I was raised in a secular, non-observant but culturally religious home. I don't recall anyone in my family ever talking to me about God. When I was a small child I longed to know and learn more about the Jewish religion. I'm not sure why I wanted to have a connection to religion or to God. It was something that was always part of my DNA. The desire was ever present and yet always denied because of my parent's lack of religiosity.

Perhaps my longing to understand, know and experience the divine has something to do with the strange events surrounding my birth. From the time of my first breath, I had one foot in the world of the living and one foot in the realm of the dead.

My mother tells me that when I was born, the doctors told her it was unlikely that I would live. The doctors claimed I had meningitis and that the swelling of my brain would make me mentally retarded if I was lucky enough to recover. She was also told that I needed a complete blood transfusion; furthermore, the doctors said I would be unable to walk properly unless they broke both of my legs to reset them. At the time I was born, my mother was very young, just 19 years old, and in an abusive relationship with my father. So I'm not sure what her process was for making decisions, particularly the medical decision that had to be made when I was born, but for some reason she would not let the doctors break both of my legs, or give me a complete blood transfusion. I turned out not to have meningitis. Most newborns in 1963 did not recover from these kinds of medical complications. Much too everyone’s surprise, whatever was wrong with me, I lived.

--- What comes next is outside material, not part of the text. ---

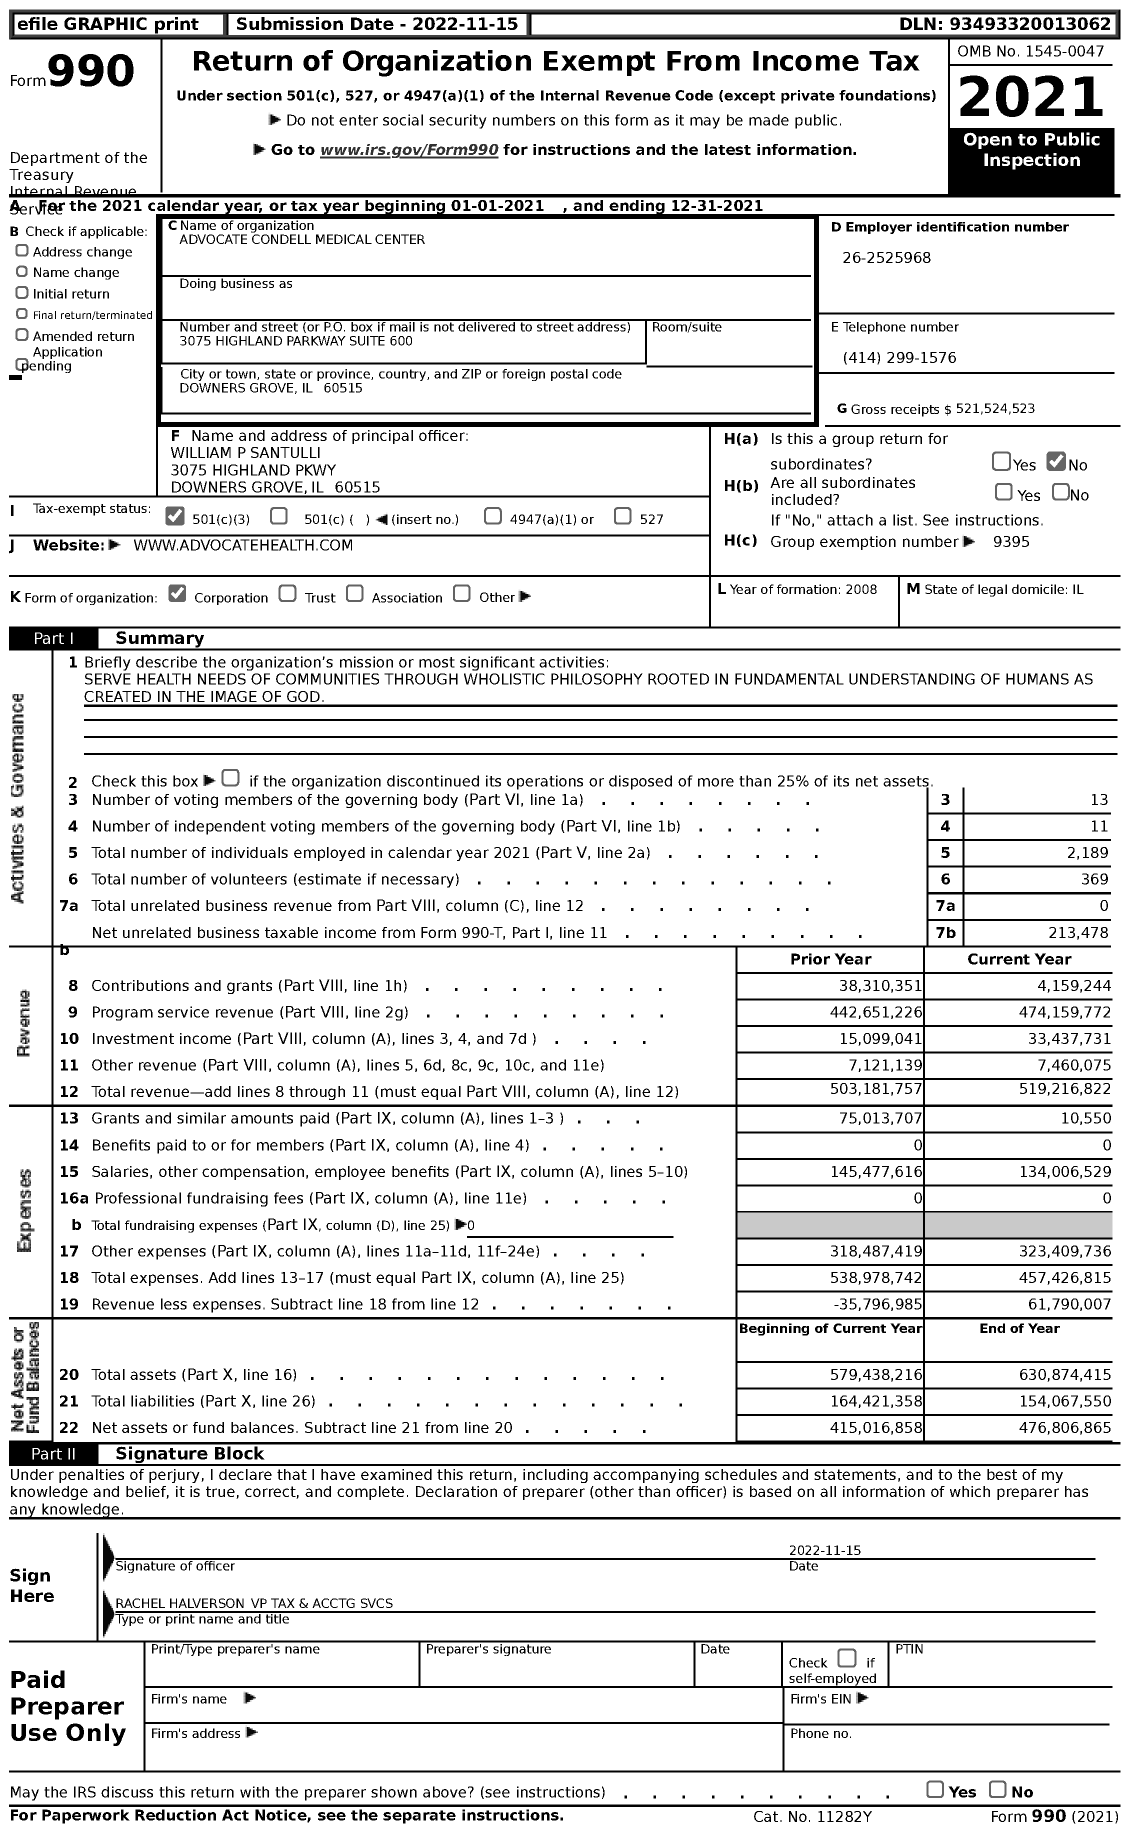 Image of first page of 2021 Form 990 for Advocate Condell Medical Center

As I grew up, every now and then it seemed like "someone" heard all the questions I asked myself about God, and that "someone" would send something my way that gave me an idea that I was not the only person in the world interested in knowing God.

When I was very, very young I remember being given an Illustrated Children's Bible, containing the Old and New Testaments. I loved to read and I devoured the book, read and re-read it. I have no idea why in the world my parents gave this to me. It was just one of the small Chanukah presents I had received that year. Each year we would receive one really "BIG" gift and then another almost as big gift and then incrementally the gifts would get smaller, translation, less expensive.

I can't remember the exact year The Ten Commandments was re-released in movie theatres but I do remember that my mom took me to see it. I was simply transfixed by the story. I remember wanting to know which of the 12 tribes of Israel my family was from after watching Moses, a.k.a. Charlton Heston, lead the 12 Tribes out of Egypt.

I'm not sure how it came to pass that we actually joined a temple for one year but we did and I begged my parents to take me there on Friday nights for Shabbat and on the High Holy Days. I remember fasting on Yom Kippur with my Great Grandpa Jack when I was about 11 and going to High Holy Day services with him. No one else in my family wanted to go so it was a special thing he and I did together.

I went to Hebrew school hoping to have a Bat Mitzvah. I was told that Bat Mitzvah's were a fairly recent invention. One of the stories I heard was that renegade Rabbis had caved into the modern desire for girls to have the same rite of passage into Jewish life as boys. It's hard to know what is true when it comes to religious traditions. It didn't really matter because my parents didn't renew their membership to the temple the following year. I never did get to have a Bat Mitzvah.

In spite of my desire to be a part of my religion of birth, I no longer felt at home in the Jewish religion. Hearing that girls were different and didn't have the same rights as boys in the Jewish religion was the first of many nails in the proverbial coffin of my Jewish faith. It is important to understand that a conversation with any Rabbi or Jewish scholar would reveal intelligent, well thought out explanations for why there must be differences between the role God expected women and men to play in Jewish religious life. My personal feelings of "not belonging" are part of my own spiritual evolution, and not any kind of indictment of the Jewish faith. To this day, I still identify with my Jewish roots. I am proud of my heritage and I seem to naturally incorporate aspects of Jewish ritual into my current spiritual and religious path of Wicca.

When I look back I know I always, always believed in God. I just didn't know how to make the relationship happen. My vision of what that relationship would look like just didn't seem to be compatible with the Jewish religion.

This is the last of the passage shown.